* Description of the task
Reproduce the line that holds "Summit Finish Belgium" together with all the lines after it up to the end of the entries.

Stored items from a collection:
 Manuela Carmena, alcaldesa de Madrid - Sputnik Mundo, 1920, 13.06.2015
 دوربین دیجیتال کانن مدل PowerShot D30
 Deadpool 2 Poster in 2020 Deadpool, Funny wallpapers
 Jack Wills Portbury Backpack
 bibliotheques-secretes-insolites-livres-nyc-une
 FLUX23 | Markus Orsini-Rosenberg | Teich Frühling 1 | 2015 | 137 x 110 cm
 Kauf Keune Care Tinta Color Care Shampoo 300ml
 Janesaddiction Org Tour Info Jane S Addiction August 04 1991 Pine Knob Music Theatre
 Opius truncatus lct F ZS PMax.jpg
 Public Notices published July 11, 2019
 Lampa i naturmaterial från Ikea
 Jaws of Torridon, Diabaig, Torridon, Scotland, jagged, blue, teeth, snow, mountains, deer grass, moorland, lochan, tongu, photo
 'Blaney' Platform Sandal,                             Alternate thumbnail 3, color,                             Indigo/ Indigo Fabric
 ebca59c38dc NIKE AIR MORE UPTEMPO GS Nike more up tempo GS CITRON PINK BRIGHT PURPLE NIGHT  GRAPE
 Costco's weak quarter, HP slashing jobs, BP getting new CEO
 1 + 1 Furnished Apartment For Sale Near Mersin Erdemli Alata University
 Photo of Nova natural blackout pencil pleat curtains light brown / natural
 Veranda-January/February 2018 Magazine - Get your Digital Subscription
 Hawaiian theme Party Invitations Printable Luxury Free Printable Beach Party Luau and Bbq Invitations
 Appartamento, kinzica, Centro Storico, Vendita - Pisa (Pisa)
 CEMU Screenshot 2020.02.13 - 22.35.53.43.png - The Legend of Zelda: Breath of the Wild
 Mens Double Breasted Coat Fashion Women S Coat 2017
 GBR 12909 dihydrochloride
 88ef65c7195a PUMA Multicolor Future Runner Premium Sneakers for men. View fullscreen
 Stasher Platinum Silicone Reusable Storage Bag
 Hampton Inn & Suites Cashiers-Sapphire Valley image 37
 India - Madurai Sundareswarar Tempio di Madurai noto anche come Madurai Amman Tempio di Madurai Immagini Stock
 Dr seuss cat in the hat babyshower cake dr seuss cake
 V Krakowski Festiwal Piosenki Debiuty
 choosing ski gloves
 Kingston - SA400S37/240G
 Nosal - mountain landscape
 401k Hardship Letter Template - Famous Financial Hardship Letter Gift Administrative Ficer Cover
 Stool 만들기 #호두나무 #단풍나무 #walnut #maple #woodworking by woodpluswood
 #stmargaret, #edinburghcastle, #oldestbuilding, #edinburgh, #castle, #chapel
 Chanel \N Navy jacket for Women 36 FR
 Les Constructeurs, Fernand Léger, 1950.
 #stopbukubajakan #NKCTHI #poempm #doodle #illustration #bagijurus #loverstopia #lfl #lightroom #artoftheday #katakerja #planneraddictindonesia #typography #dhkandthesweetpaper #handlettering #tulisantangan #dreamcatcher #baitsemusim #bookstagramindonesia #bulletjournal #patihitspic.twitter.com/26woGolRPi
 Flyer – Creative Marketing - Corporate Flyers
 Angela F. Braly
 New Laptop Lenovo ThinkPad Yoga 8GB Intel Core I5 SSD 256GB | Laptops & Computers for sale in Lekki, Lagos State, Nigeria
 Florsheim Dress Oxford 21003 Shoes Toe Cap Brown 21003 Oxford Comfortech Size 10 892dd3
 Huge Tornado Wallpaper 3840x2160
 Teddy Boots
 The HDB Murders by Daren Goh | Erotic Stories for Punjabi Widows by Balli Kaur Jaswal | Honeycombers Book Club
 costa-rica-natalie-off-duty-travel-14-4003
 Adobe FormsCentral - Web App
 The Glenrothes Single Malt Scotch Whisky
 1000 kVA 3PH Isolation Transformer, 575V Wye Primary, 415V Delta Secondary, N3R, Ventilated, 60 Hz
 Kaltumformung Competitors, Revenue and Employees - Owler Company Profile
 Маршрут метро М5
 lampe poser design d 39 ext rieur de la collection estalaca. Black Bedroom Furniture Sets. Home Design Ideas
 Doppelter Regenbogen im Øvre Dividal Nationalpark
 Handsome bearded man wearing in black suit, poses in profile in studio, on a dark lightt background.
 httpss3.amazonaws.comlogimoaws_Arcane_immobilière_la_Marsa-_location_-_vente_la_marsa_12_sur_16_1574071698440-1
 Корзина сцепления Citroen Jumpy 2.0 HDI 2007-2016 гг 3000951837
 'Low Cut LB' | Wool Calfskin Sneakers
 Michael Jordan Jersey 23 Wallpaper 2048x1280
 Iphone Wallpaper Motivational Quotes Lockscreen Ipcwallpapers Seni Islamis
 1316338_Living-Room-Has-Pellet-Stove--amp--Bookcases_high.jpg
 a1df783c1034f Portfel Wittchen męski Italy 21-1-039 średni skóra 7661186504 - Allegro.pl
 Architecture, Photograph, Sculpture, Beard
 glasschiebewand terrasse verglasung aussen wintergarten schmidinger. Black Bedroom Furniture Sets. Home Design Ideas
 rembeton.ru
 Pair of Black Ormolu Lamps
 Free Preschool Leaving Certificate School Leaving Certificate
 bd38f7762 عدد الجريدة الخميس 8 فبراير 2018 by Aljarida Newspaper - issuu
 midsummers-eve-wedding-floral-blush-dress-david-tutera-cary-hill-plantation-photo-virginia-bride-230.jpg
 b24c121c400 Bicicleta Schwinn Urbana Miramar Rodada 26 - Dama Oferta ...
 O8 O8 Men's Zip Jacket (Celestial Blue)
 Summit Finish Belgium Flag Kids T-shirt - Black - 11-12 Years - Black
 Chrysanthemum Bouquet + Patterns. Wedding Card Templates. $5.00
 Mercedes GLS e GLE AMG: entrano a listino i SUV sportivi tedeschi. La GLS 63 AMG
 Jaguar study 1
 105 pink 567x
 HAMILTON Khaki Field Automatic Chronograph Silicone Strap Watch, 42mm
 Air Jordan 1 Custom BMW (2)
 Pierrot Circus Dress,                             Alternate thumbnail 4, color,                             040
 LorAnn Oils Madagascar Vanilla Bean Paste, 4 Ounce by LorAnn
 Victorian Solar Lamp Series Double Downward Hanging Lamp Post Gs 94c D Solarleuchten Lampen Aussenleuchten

* Answer
 Summit Finish Belgium Flag Kids T-shirt - Black - 11-12 Years - Black
 Chrysanthemum Bouquet + Patterns. Wedding Card Templates. $5.00
 Mercedes GLS e GLE AMG: entrano a listino i SUV sportivi tedeschi. La GLS 63 AMG
 Jaguar study 1
 105 pink 567x
 HAMILTON Khaki Field Automatic Chronograph Silicone Strap Watch, 42mm
 Air Jordan 1 Custom BMW (2)
 Pierrot Circus Dress,                             Alternate thumbnail 4, color,                             040
 LorAnn Oils Madagascar Vanilla Bean Paste, 4 Ounce by LorAnn
 Victorian Solar Lamp Series Double Downward Hanging Lamp Post Gs 94c D Solarleuchten Lampen Aussenleuchten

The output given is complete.